La personalidad contribuye más que la inteligencia
al éxito en la vida.
Dale Carnegie.
Independientemente de la frecuencia con que tengamos la oportunidad de hablar en público, cada vez que lo hacemos debemos ser conscientes de que las personas que nos escuchan tienen un expectativa previa y tendrán una percepción general de nosotros. Las características y el entorno previo de la ocasión crean la primera, mientras que la segunda se formará en nuestro auditorio una vez que transcurra nuestra participación. De la misma forma en que estar preparados para saber lo que vamos a decir nos aporta seguridad, estar preparados respecto a lo que vamos a transmitir a través de nuestra participación, también puede ayudar a aportarnos seguirdad.
La Personalidad del Orador. La personalidad del orador es una combinación de factores que lo caracterizan. En ella se combinan lo físico, lo mental y lo espiritual. Factores tan disímbolos e intangibles como el dinamismo, la actitud y la cultura. A pesar de ser intangibles, todos ellos son percibidos por las personas con quienes interactuamos. Uno de los principales elementos que gana la atención y el favor del público es la energía positiva. Este elemento resulta magnético para las personas que escuchan en masas, y es una de las primeras características que recuerdan las personas.
El Uso de la Voz. El elemento de la voz que más influye en la personalidad de un orador es el tono. La forma en que una persona maneja el tono de la voz, determina en más de un sentido su ánimo y hace percibir a los demás sus intenciones. Lo más recomendable es practicar un tono natural y amable, dejando atrás las frecuencias monótonas y aburridas, así como las imperantes y presuntuosas. La gente ama lo amable.

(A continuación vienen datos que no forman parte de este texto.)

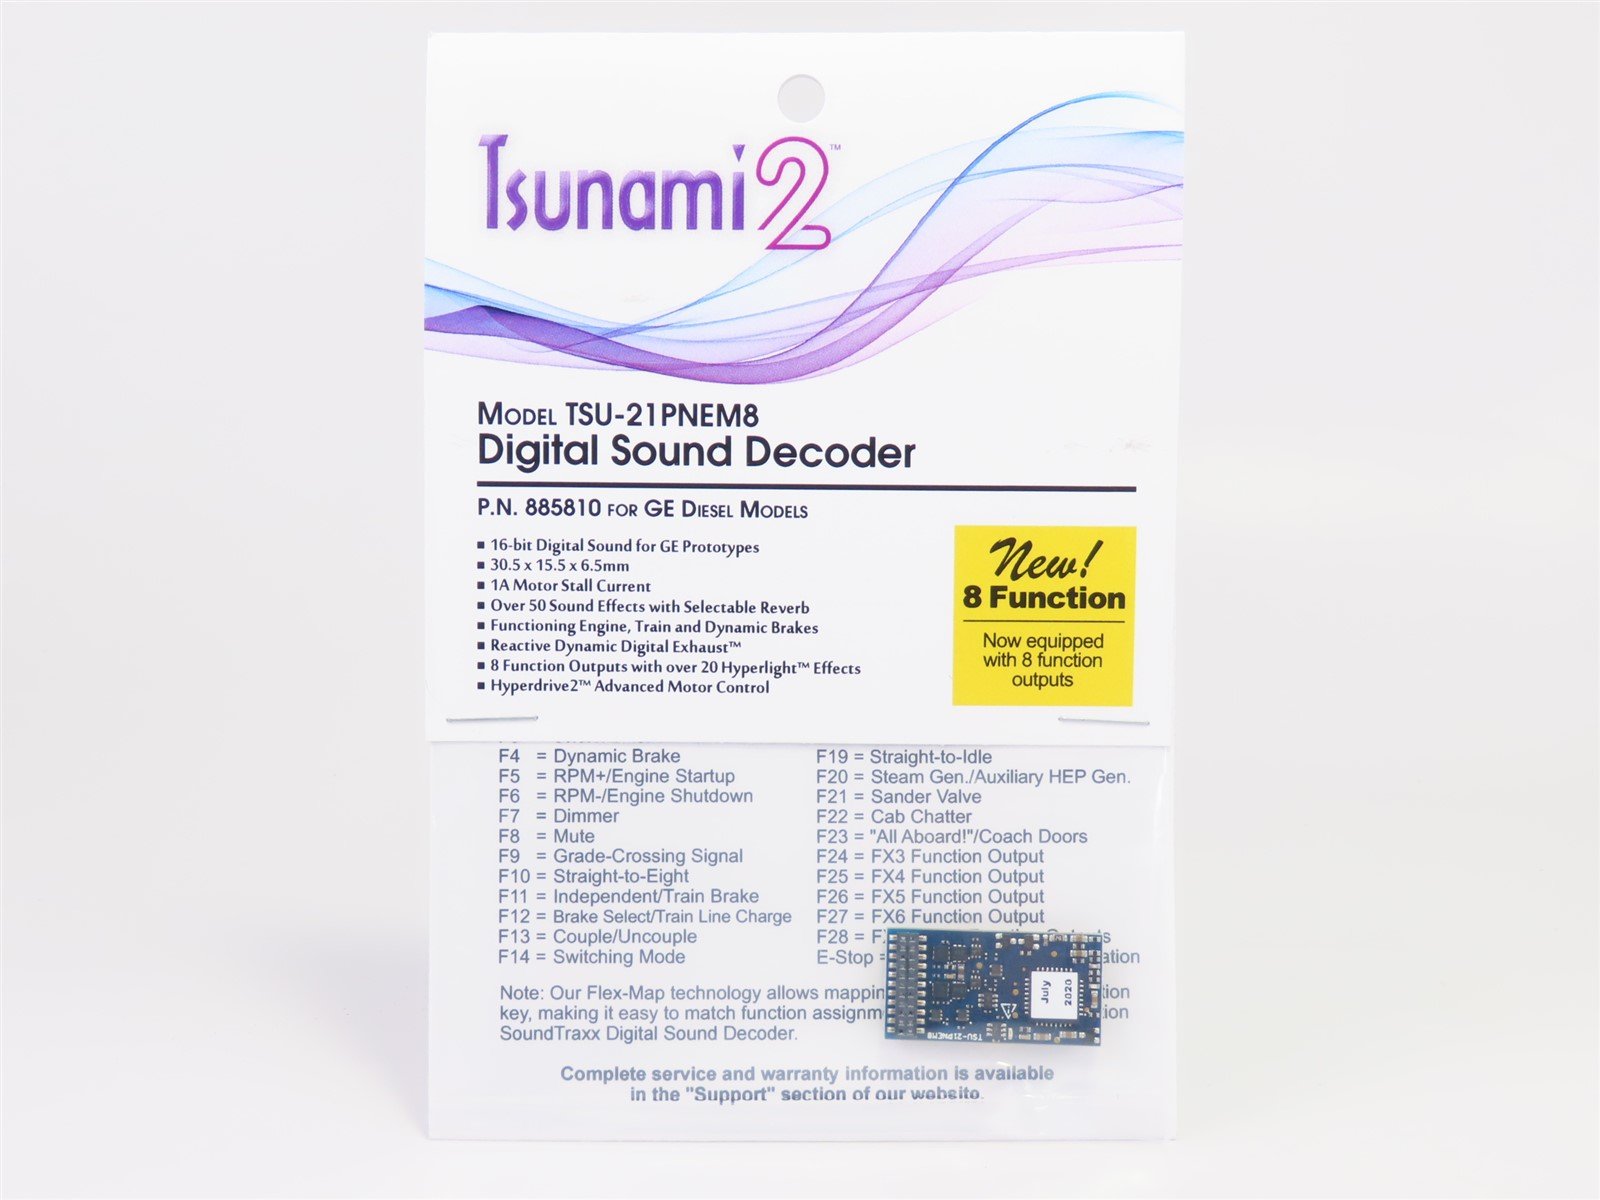 Soundtraxx Tsunami 2 885810 TSU-21PNEM8 GE Diesel DCC / SOUND Decoder 8-Function

La Vestimenta. Más allá de un formalismo, el buen vestir es un elemento que brinda coherencia y confianza en las personas. Incluso, cuando una persona permanece mucho tiempo hablando ante un público, la vestimenta es un elemento que sufre un análisis continuo y constante. Es obvio: mientras las personas escuchan lo que el orador dice, también necesitan del elemento que brinda la alimentación del canal visual. Cuando distinguen a un orador con una vestimenta ordenada, el mensaje que se percibe es el de una persona ordenada en sus pensamientos y en su actuar.
Impactando al Auditorio. Muchos oradores buscan llamar la atención a través de elementos que crean sobresaltos, pero al final no aportan esencia a su discurso. Dice un viejo proverbio oriental “Usa la violencia cuando falle tu inteligencia”. El verdadero y permanente impacto sobreviene cuando las personas se sienten en sintonía e inspiradas. Más que buscar un sobresalto repentino, se debe buscar el canal adecuado para crear una impresión perdurable.
Influencia del Entorno. El entorno puede ayudarnos a integrar elementos que ayuden a desarrollar nuestra personalidad al hablar en público. Sin embargo, es importante evitar a toda costa la imitación de otros oradores, pues ellos tienen su propio talento y sus propias características. Cuando usamos un estilo ajeno, las personas son capaces de percibirlo, por notarlo poco natural o sobrado. Más que copiar un estilo al que aspiremos, debemos buscar analizar las características de la persona admirada, sus costumbres, sus esquemas y sus cualidades; pero la personalidad, es un elemento totalmente individual.
Es inevitable que las personas tengan una imagen general de nosotros y de nuestro acontecer. La impresión que permanece en los demás es elemento que nos da coherencia y cuenta con elementos de nuestra herencia y de nuestra historia. Es importante que desarrollemos nuestras habilidades y destaquemos nuestras virtudes para que la impresión de nuestra personalidad sea positiva.